How small experiments transform business growth

Uber, Netflix or Amazon. Love or loathe these ‘newer’ companies, they are transforming industries. The decisions they face are uncertain and risky. However, they seem to get more right than wrong.

Unlike companies who weep at wasted six figure sums, these ‘newer’ companies succeed in using small, dirty but disciplined experiments to make better decisions. Implementing experimentation is tricky but the benefits are transformative.

Popularized by the Lean Startup movement this “experimentation” approach is one we encourage clients to use.  It improves their odds on market entry and product development.

By way of example, we use a simplified consumer online golf business to explain the process. Below are the three steps in this quick, dirty but disciplined approach:

1. Document your challenge in a well-defined SMART way.
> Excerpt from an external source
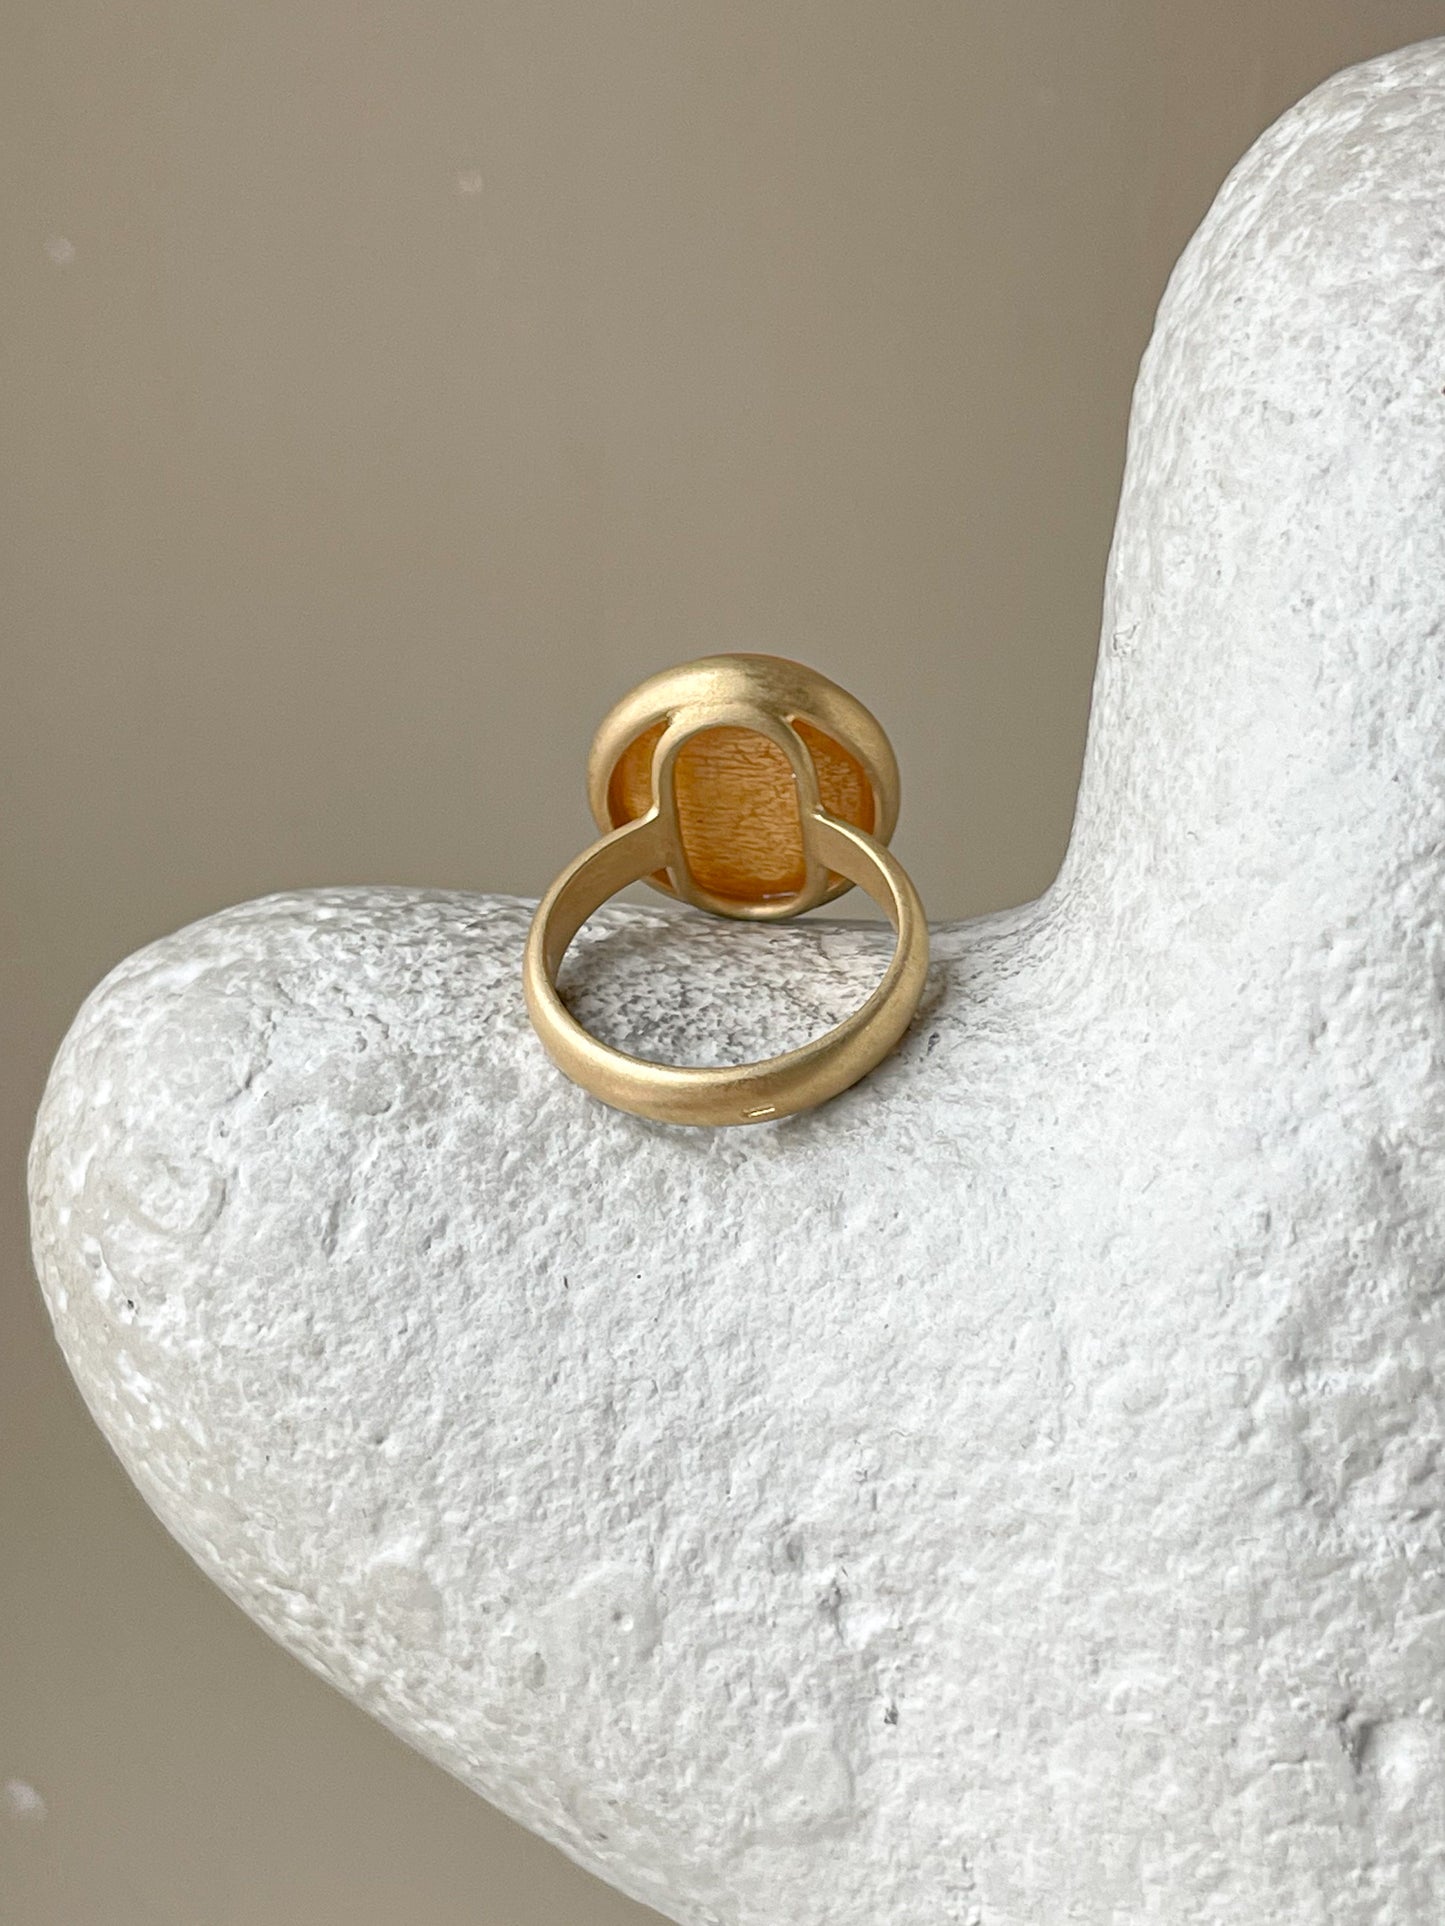 Butterscotch amber ring - Gold plated silver - Large ring collection - Size 7 1/2
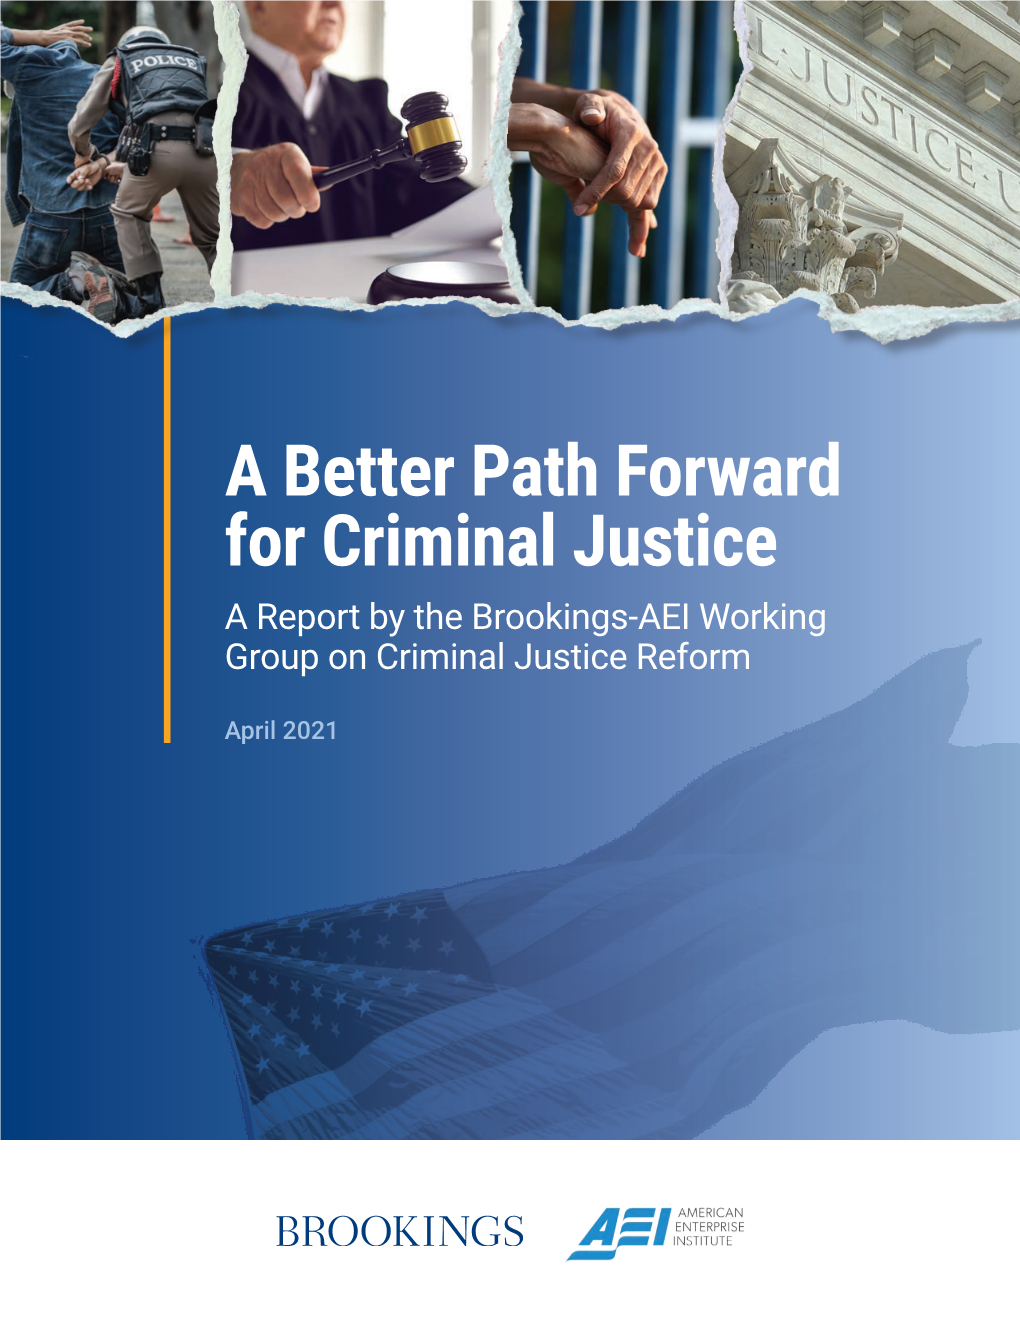 A Better Path Forward for Criminal Justice a Report by the Brookings-AEI Working Group on Criminal Justice Reform

For example, Can we build an online golf lesson business that will generate $100m revenue within 5 years?

To create depth and structure, document a list of subsidiary questions:

  • What is the profile of our ideal or sweet spot prospects?
  • Where is our measurable value?
  • What makes us different from the competition?
  • What price might they pay?
  • What is the available market size?

Debate, prioritize and select the highest priority question with your team. Use as selection criteria the potential impact of learning and ease of testing. Also consider which question poses the biggest risk, if we get the answer wrong. Surface assumptions and guard against bias.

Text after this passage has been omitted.